Видимо, Соня имела в виду какую-то крестьянскую депутацию, которая явилась в столицу для осмотра достопримечательностей и теперь глазела на котлован; одежда у земледельцев отличалась бедностью чрезвычайной, и физиономии были действительно не того.

- Я думал об этом, - сказал Сашка Завизион. - Данный просчет природы мы будем устранять по-революционному, то есть оперативно. Поскольку при социализме все должно быть прекрасно, и каждый кривой нос есть отчасти контрреволюция, то всех страхолюдин станут со временем направлять на пластическую операцию, чтобы они не портили общий вид.

- Не умничай, пожалуйста, - сказала Соня, - тебе это не идет.

- А я и не умничаю, я теоретически рассуждаю.

Ваня спросил у Сашки:

- Ну а если кому-то нравится его нос?

- Нам-то что за дело! Нравится не нравится, а если чей-то нос противоречит идее социализма, то пусть он в организационном порядке идет под нож. Мы распространим, так сказать, принудительную красоту, потому что у нас, слава Богу, общественное выше личного и каждый отдельный человек обязан подчиниться воле широких масс.

- Ты знаешь, Сонька, - сказал Ваня Праздников, весело глядя на Понарошкину, - этот придурок еще предлагает ввести искусственное... ну, как это сказать, продолжение рода, что ли.

- А что, - отозвалась Соня, - я приветствую эту мысль. Чем меньше жизненной грязи, тем ближе социализм.

Обратной дорогой они играли в аббревиатуры; кто-то припоминал какую-нибудь непростую аббревиатуру, и требовалось отгадать, что она означала: минут десять, наверное, Ваня Праздников с Сашкой Завизионом бились над "бухкомотрядами", пока наконец Соня не объяснила, что эта аббревиатура обозначает отряды бухарских большевиков, которые воевали с эмиром за власть Советов.

Когда ребята вернулись в техникум, они первым делом зашли в помещение партячейки, чтобы позвонить по телефону 73-88 и проверить вредную байку о Маяковском. "На что жалуетесь?" - ответил им карамельный бас, такой знакомый по Политехническому музею, который развеял все давешние сомнения, и ребята были неприятно поражены.

Тут-то, то есть на выходе из помещения партячейки, Ваню Праздникова и настиг Павел Сергеевич Свиридонов; он отозвал Ваню в сторону и некоторое время зло на него смотрел, причем было видно, что в директоре совершается какая-то тягостная работа.

- "Хвосты" есть? - наконец незаинтересованно спросил он.

- Есть, - прямодушно ответил Ваня.

- Вот и ликвидировали бы лучше свои "хвосты", - вдруг прорвало Свиридонова, - учились бы лучше, как подобает юному гражданину Страны Советов, вместо того чтобы выдумывать разную чепуху! А то какие-то им мерещатся фантастические библиотеки, а по истории партии небось "уд"!

- По истории партии как раз "хор".

- Ну, усилили бы тогда общественную работу, - продолжал Павел Сергеевич на той же горячей ноте, - например, организовали бы в техникуме осоавиахимовскую ячейку, а то они заварят кашу, а ты расхлебывай, как дурак!
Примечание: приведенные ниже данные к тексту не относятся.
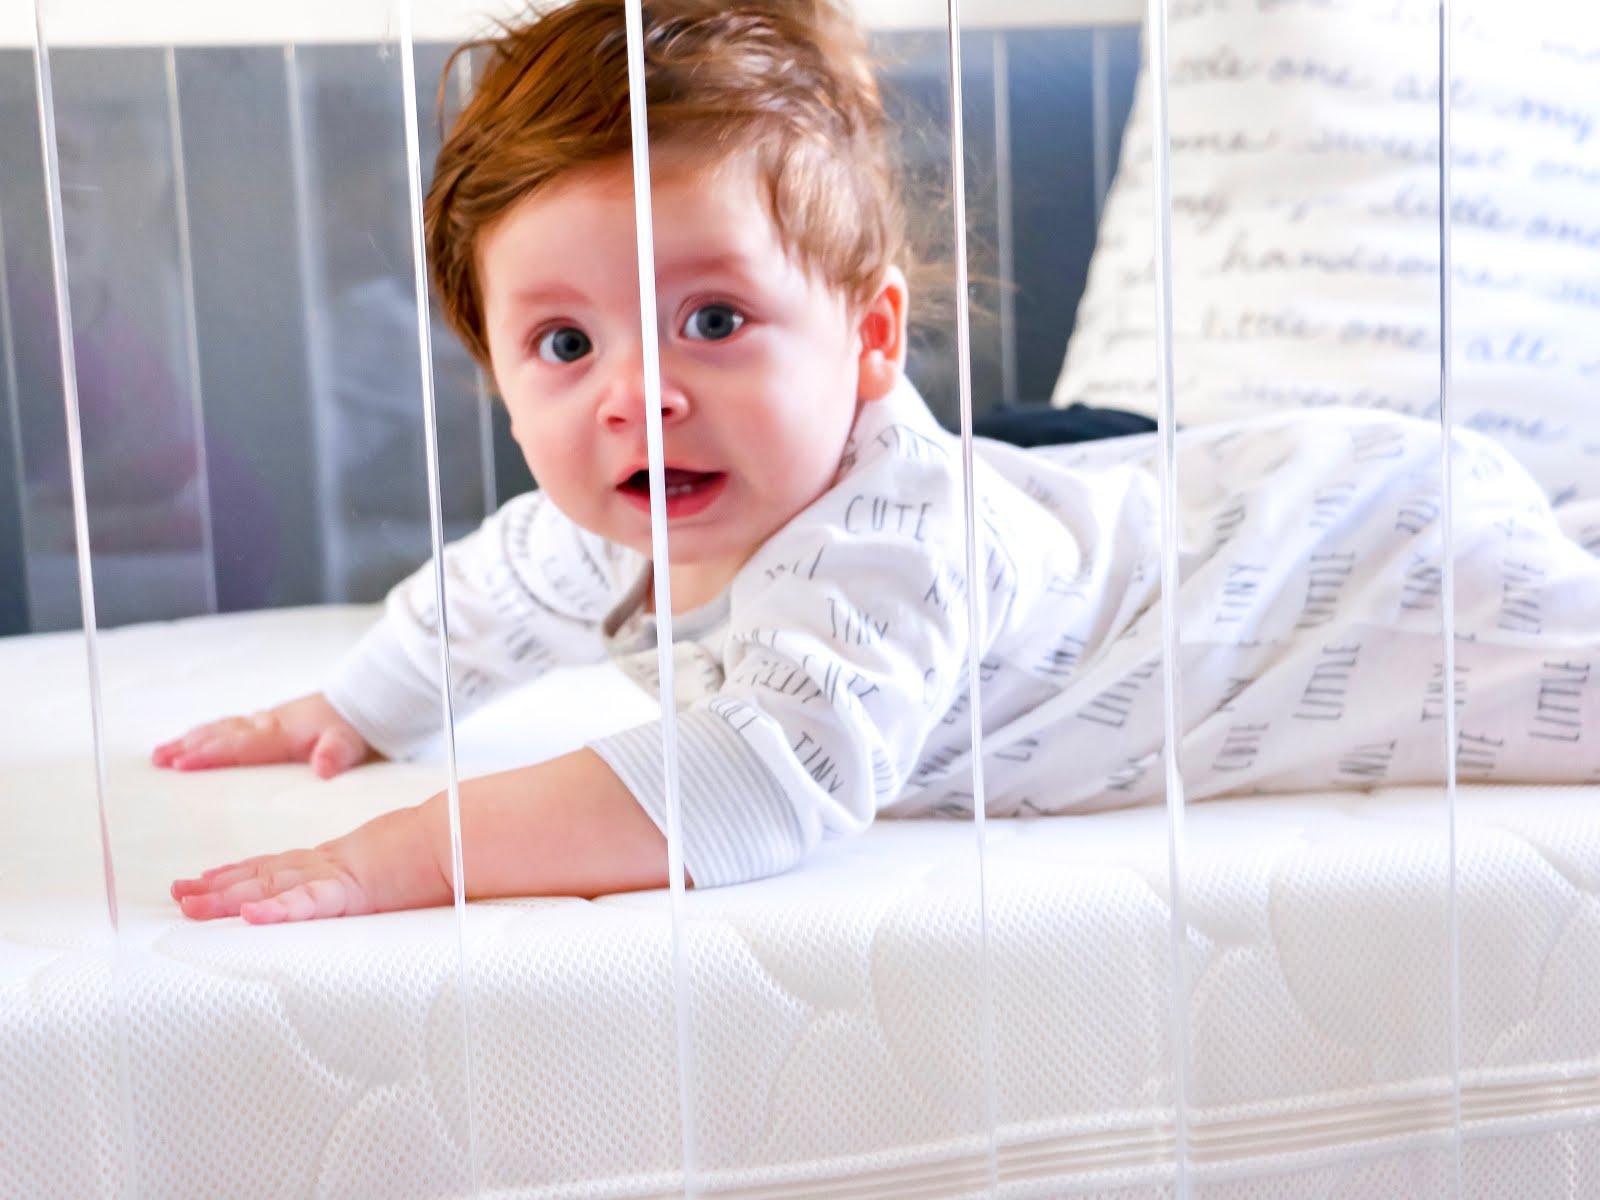 Newton-Baby-Crib-Mattress-Review-Vivi-Brizuela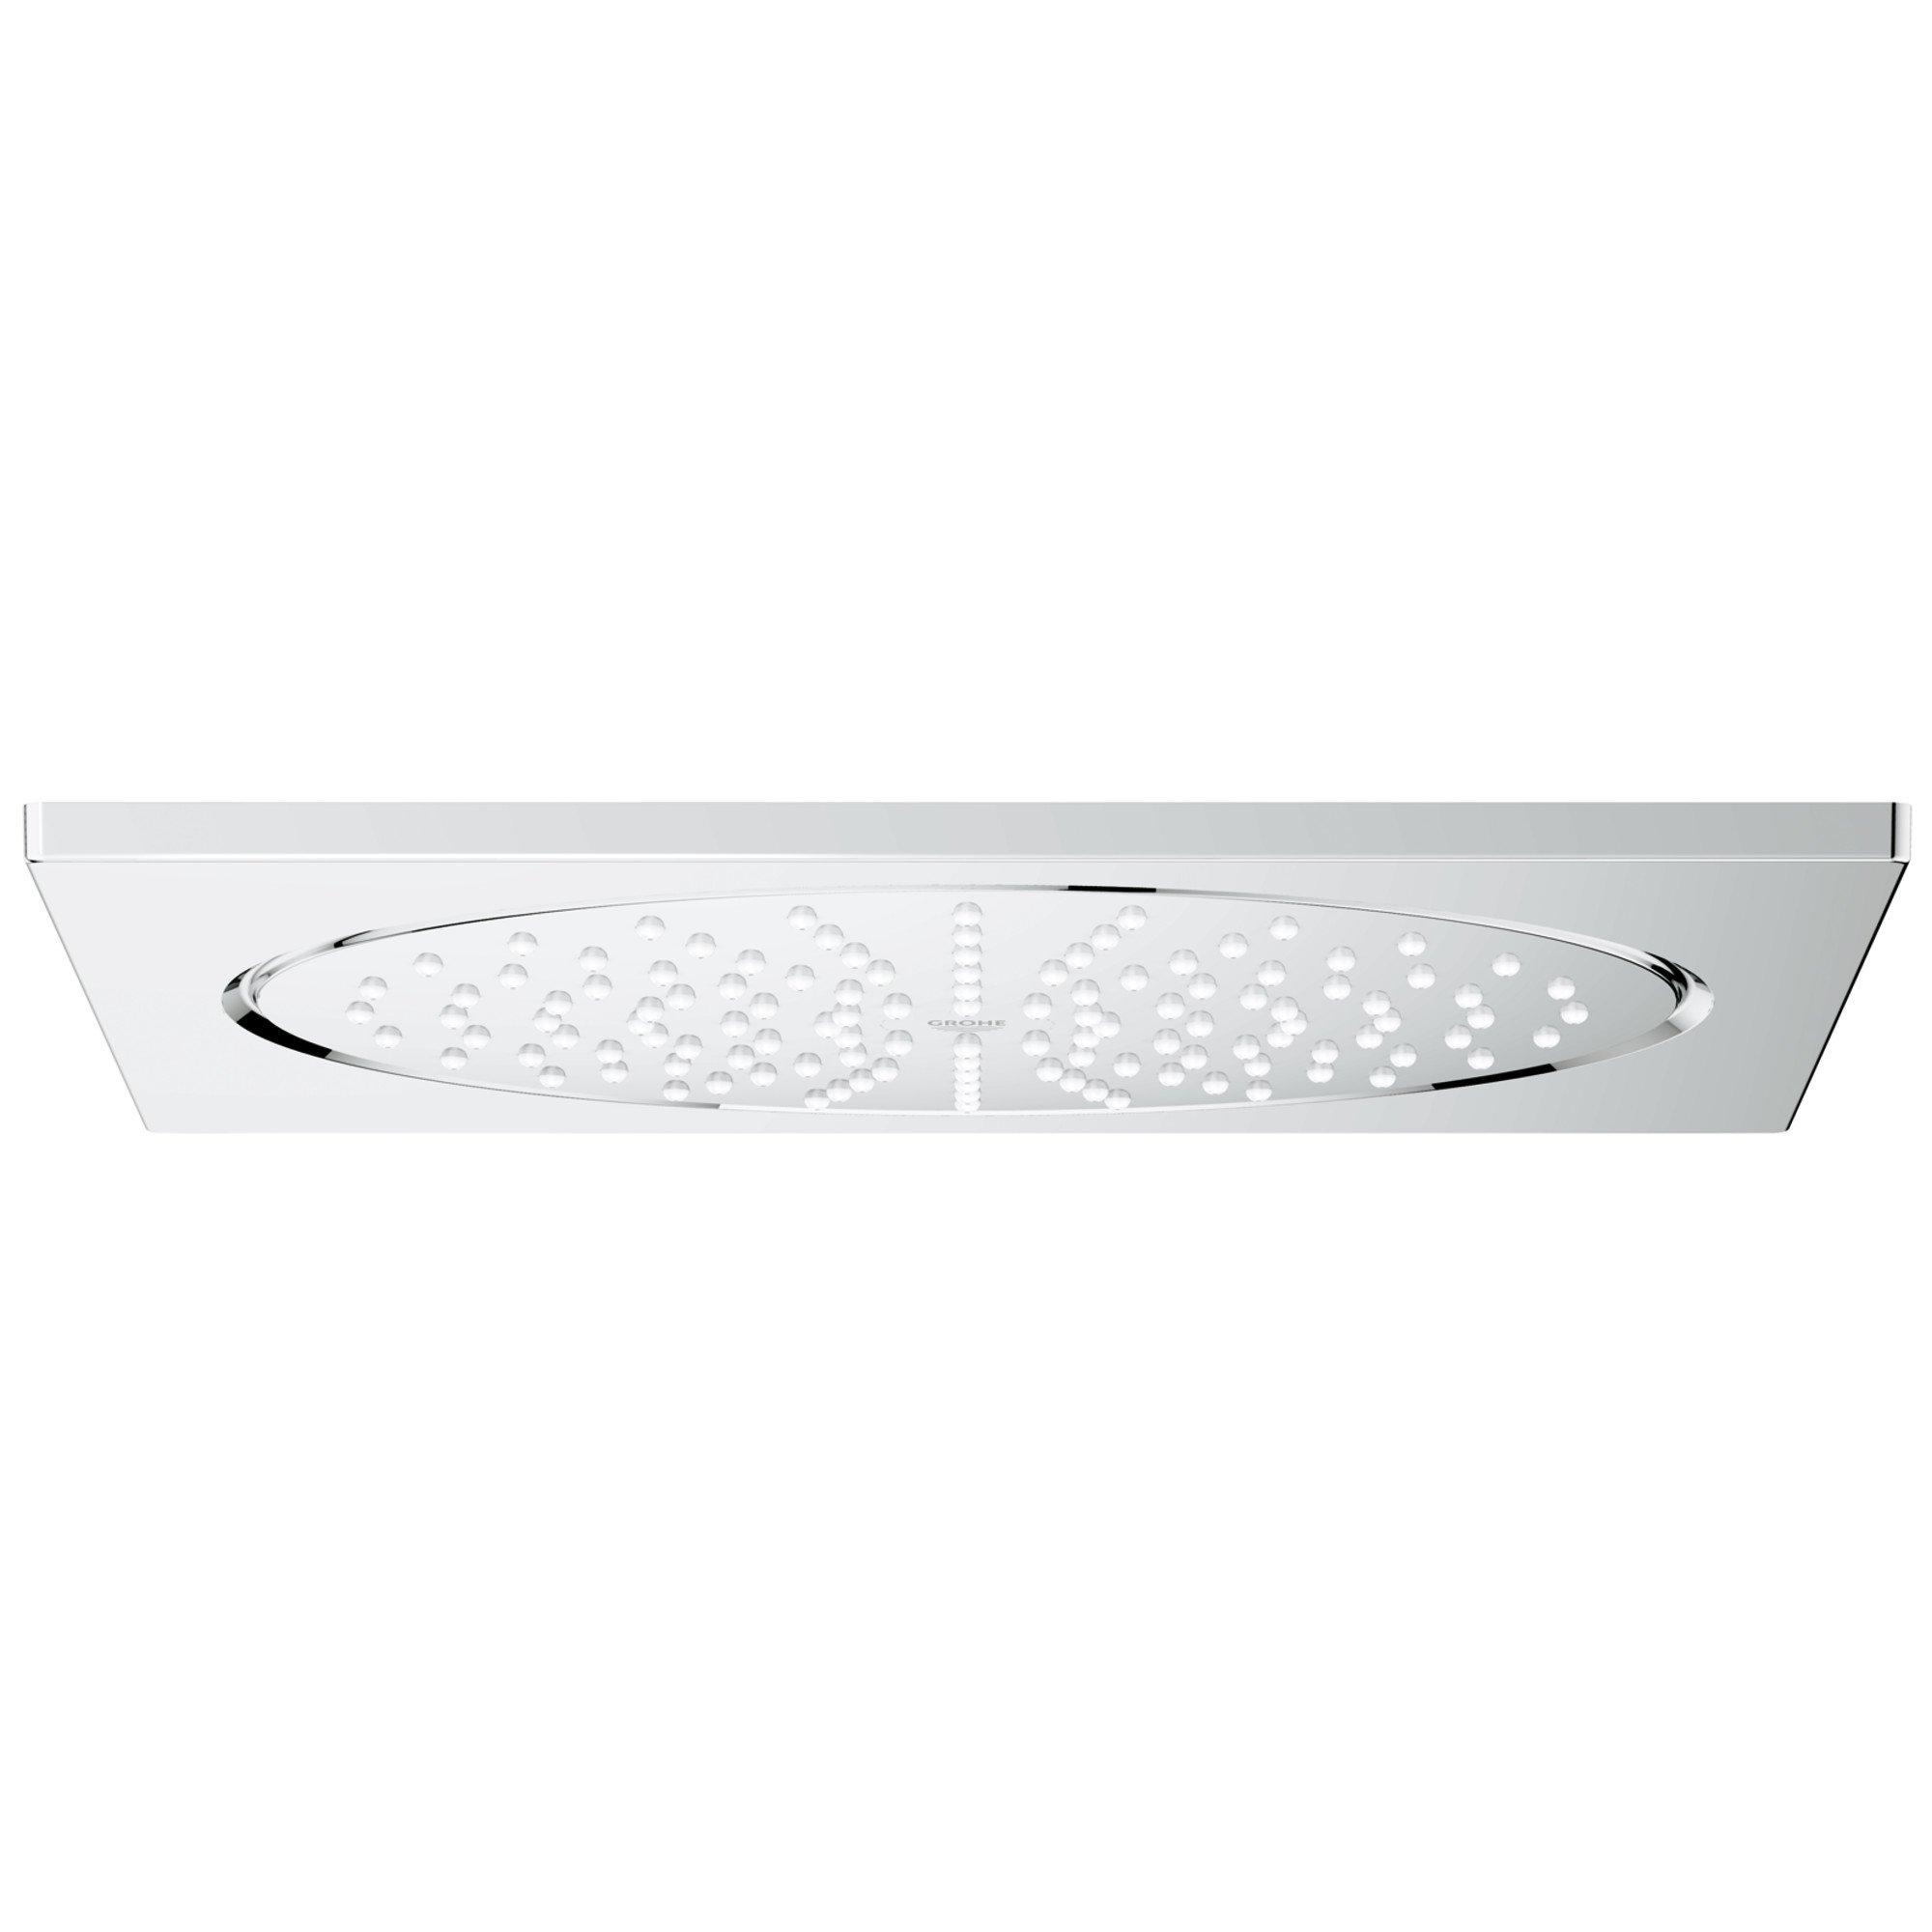 GROHE 27816000 Rainshower F-Series 10'' Ceiling Shower head

И с этими словами Свиридонов схватился за сердце, одновременно по-детски скривив лицо, словно он что-то непереносимо кислое проглотил.

- Неприятности будут, Праздников, большие неприятности! - в заключение сказал Свиридонов, превозмогая сердечный спазм.

Ваня недоумевал. Сначала он просто недоумевал, а потом стал проникаться мало-помалу страхом. Мало-помалу Ваня сообразил, что, видимо, Свиридонов передал кому-то из руководящих товарищей его пожелание насчет библиотеки в голове у Владимира Ильича, и эта идея вызвала резко отрицательную реакцию, и даже, может быть, в ней усмотрели угрозу самому светлому имени, этакое усмотрели идеологическое покушение на вождя. Если это действительно было так, то ему и вправду грозили крупные неприятности, уже потому хотя бы, что второкурсника Петухова недавно исключили из техникума всего-навсего за чтение декадентской белиберды. И Ваня стал жестоко корить себя за недальновидность, за политическое легкомыслие, которое в эпоху обострения классовой борьбы было равнозначно уголовному преступлению. Грядущая кара уже казалась неотвратимой, но у Вани и в мыслях не было как-нибудь увильнуть, спрятаться от карающих органов родимого государства, и даже если бы он был кругом и безусловно виновен перед народом, то отсидеть положенный срок почел бы священным гражданским долгом.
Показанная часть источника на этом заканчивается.